In the news, that is.
I've made no secret of the fact that I'd love to see New York City Mayor Michael Bloomberg enter the presidential race, if only to liven things up a bit. Why Bloomberg? Not necessarily because I'm a huge fan but because he's got the money and the name recognition to mount a serious campaign as an independent, something we haven't seen since Ross Perot ran in 1992.
After insisting that he would not run for president, Bloomberg dropped out of the presidential news for a while. But now he's back, offering to host the first of what I hope, and many others hope, will be a series of town hall meetings between Barack Obama and John McCain.
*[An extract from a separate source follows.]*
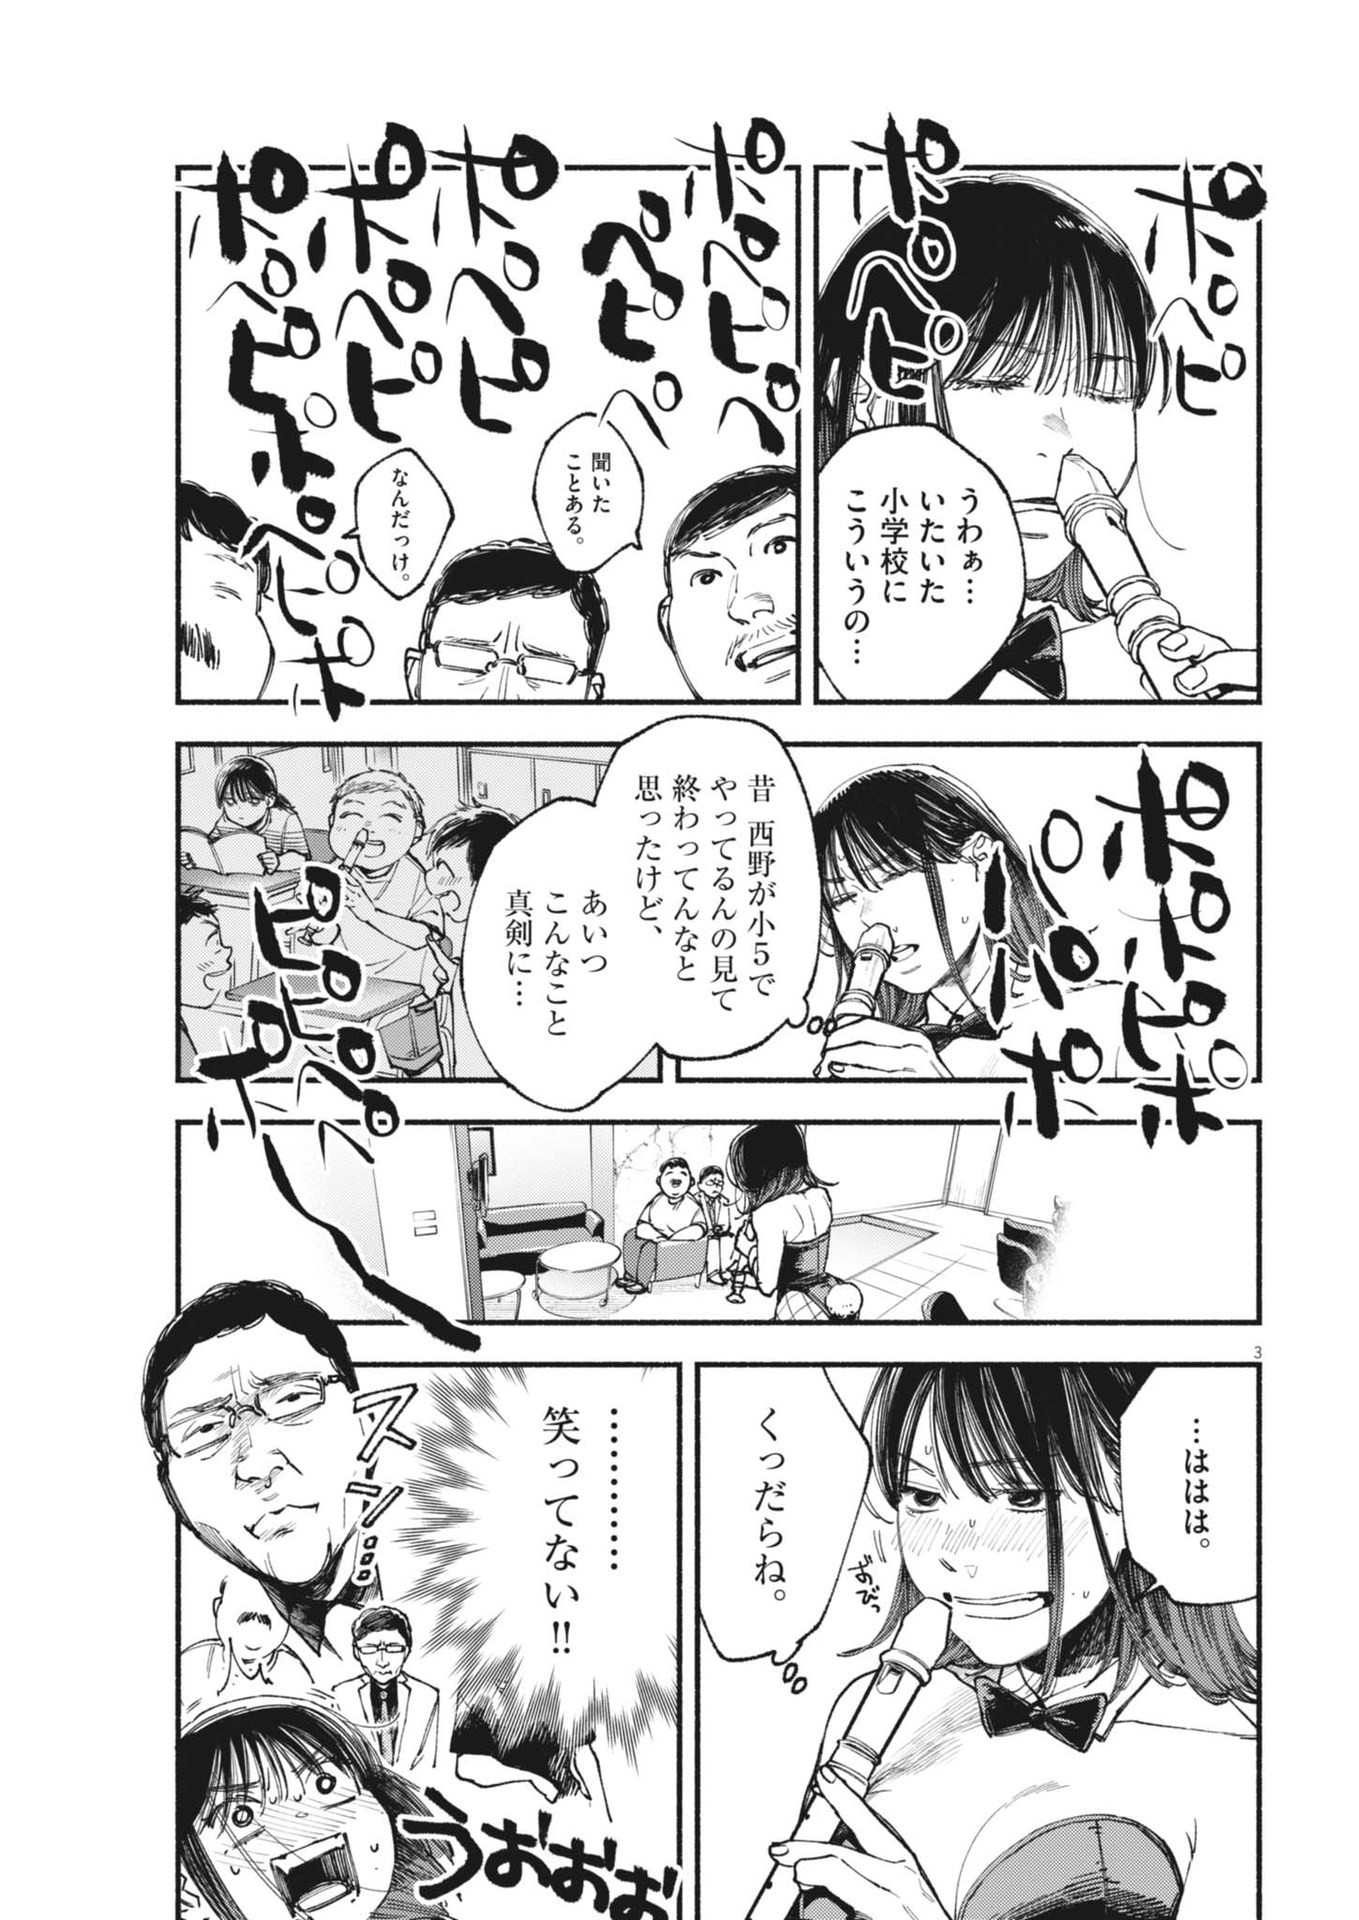 Konoyo wa Tatakau Kachi ga Aru  - Chapter 22 - Page 3

Bloomberg's offer was made in conjunction with ABC News, which both candidates wisely rejected given the awfulness of the final Democratic debate. But the mayor, minus ABC, could still pull it off.
There's lots of speculation about what Bloomberg plans to do once his second term as mayor expires next year. By law, he can't run for a third term. What I love about all the speculation is this: The pundits readily acknowledge that Bloomberg could serve as a running-mate or potential cabinet member for either Obama or McCain. Really, how many politicians could you say that about? (After the fight-to-the-finish between Obama and Hillary Clinton, just imagine McCain and Obama duking it out over who's going to get Bloomberg...)
Like him or not, Bloomberg is one of the few high-profile officeholders who has managed to transcend partisan politics, get re-elected and retain the respect of both Democrats and Republicans in the process. Now that's saying something.